Problem description: Your answer must be only the lines below from the one containing "Free MainStage &" through the one containing "ProLuce® LED Panel", copied exactly, with the pictures left out.

Data:

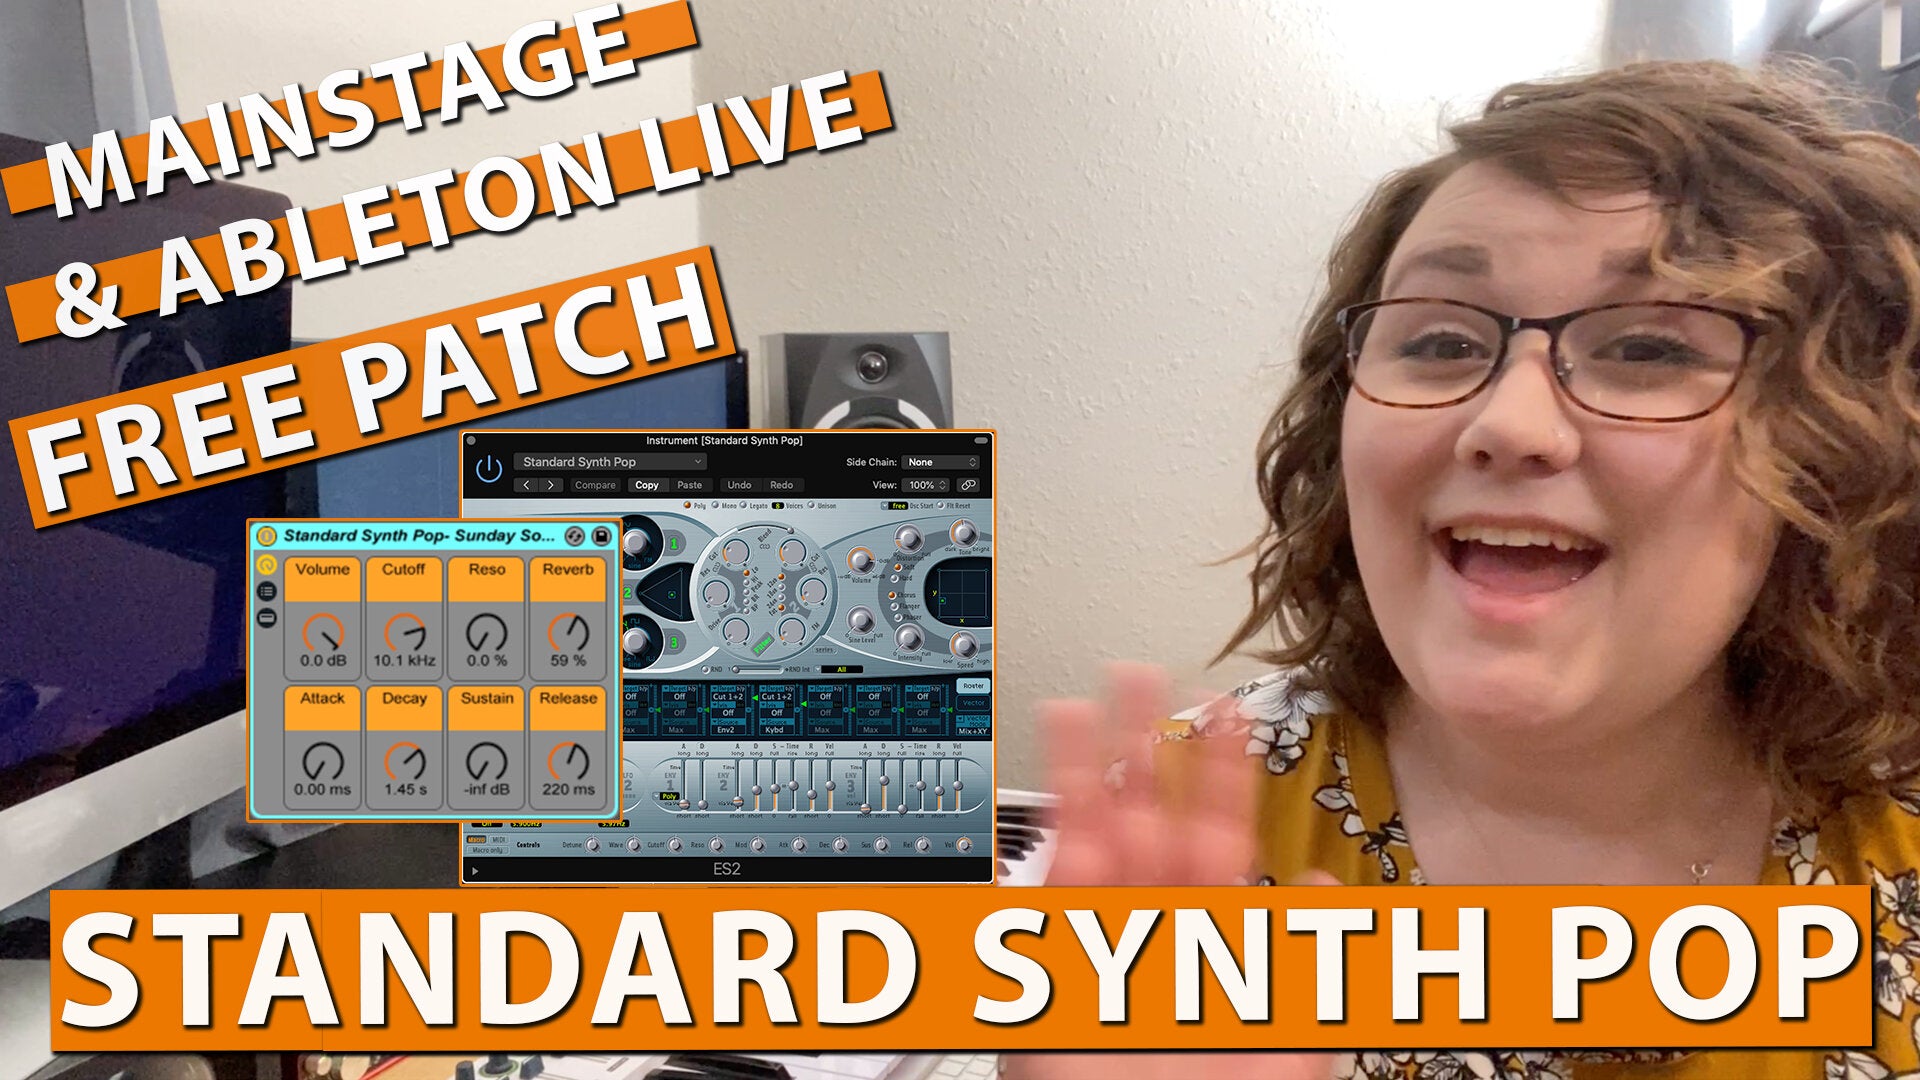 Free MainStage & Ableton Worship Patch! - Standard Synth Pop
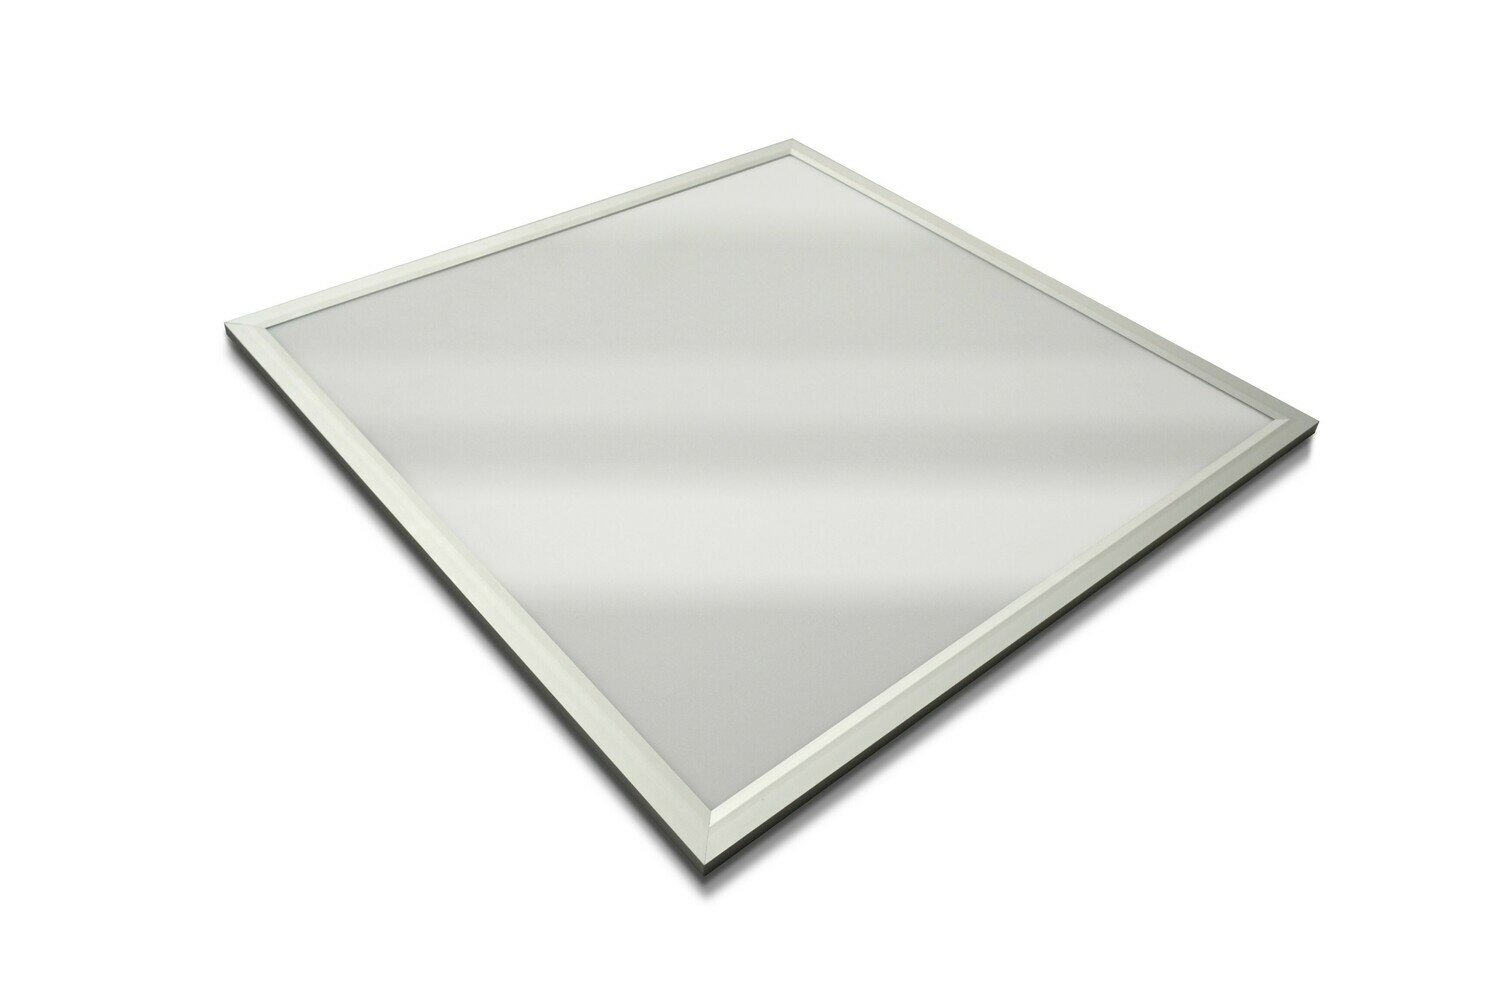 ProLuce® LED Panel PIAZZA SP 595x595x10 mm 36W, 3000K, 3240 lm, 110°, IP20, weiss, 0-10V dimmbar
---
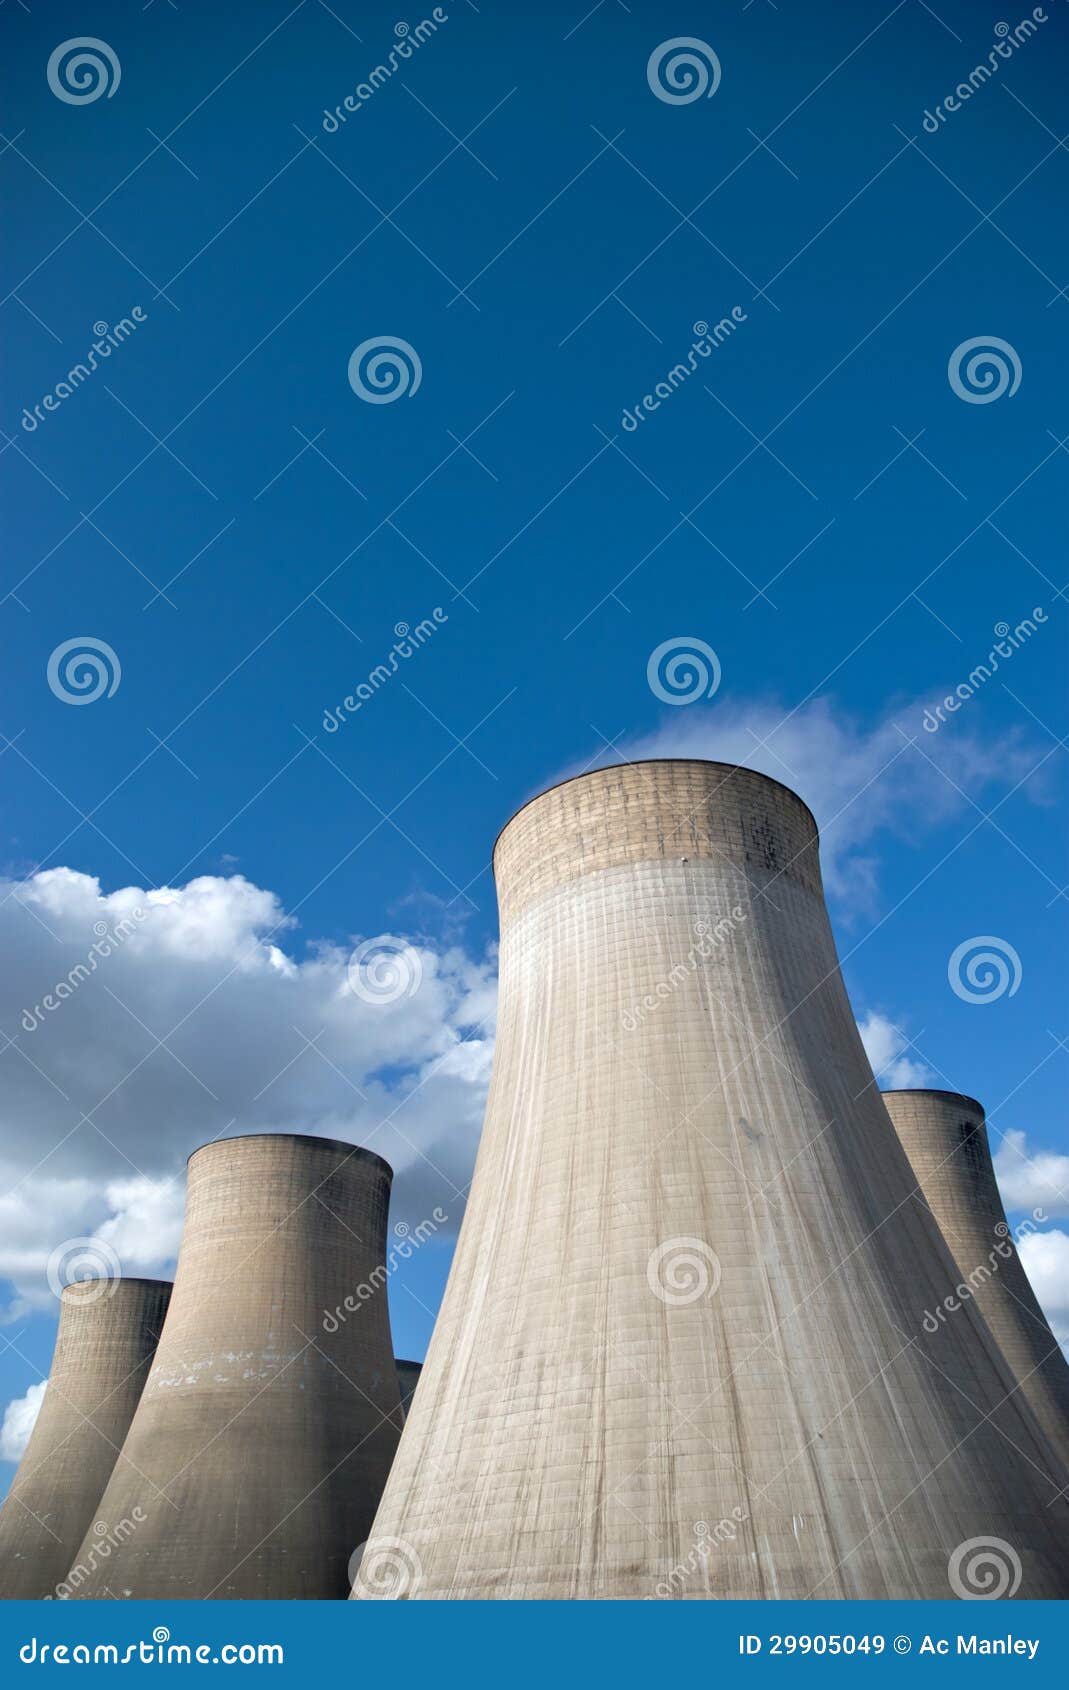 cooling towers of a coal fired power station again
---
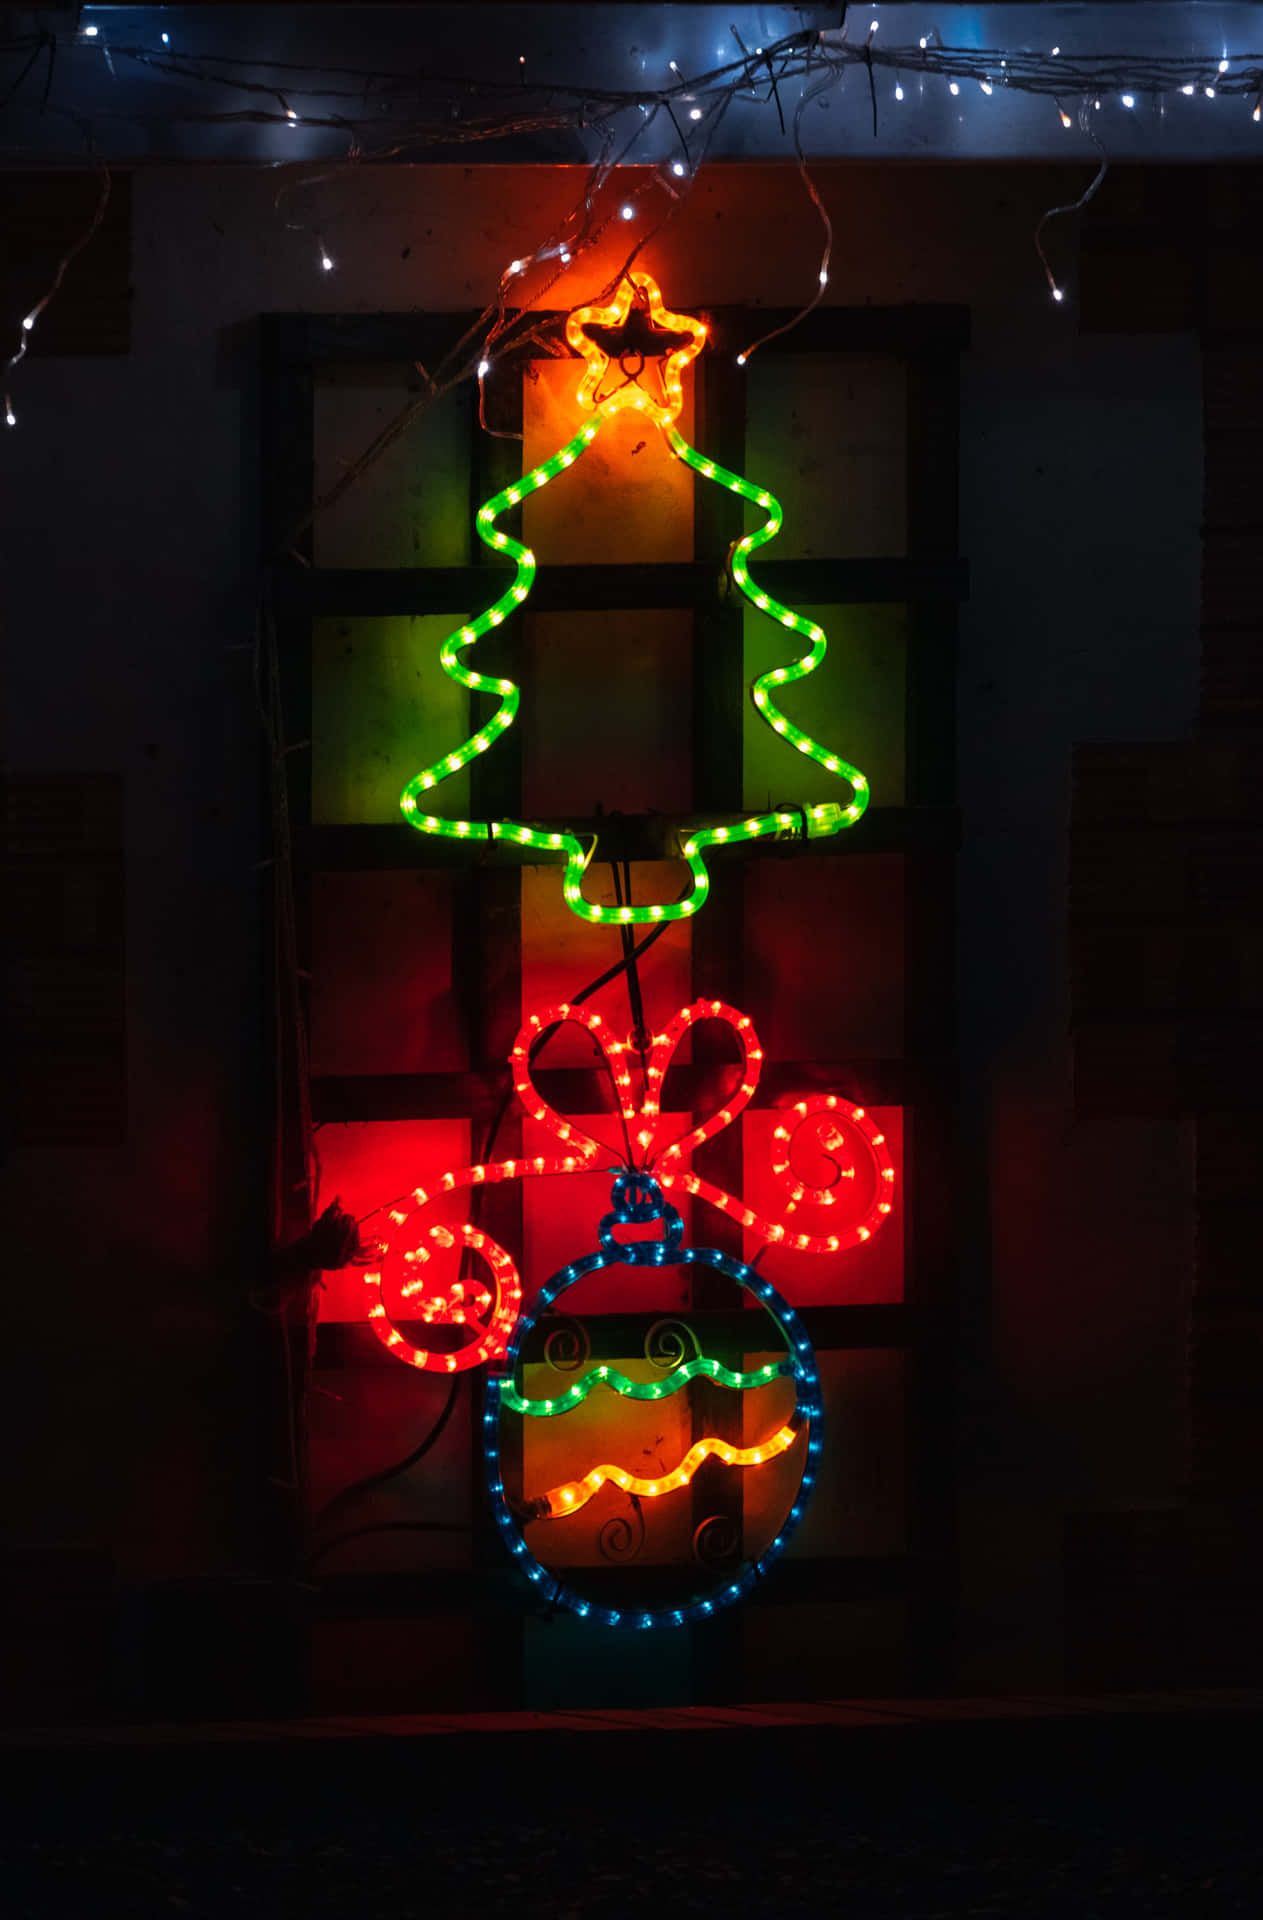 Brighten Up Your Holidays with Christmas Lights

Completed exercise:
 Free MainStage & Ableton Worship Patch! - Standard Synth Pop
 ProLuce® LED Panel PIAZZA SP 595x595x10 mm 36W, 3000K, 3240 lm, 110°, IP20, weiss, 0-10V dimmbar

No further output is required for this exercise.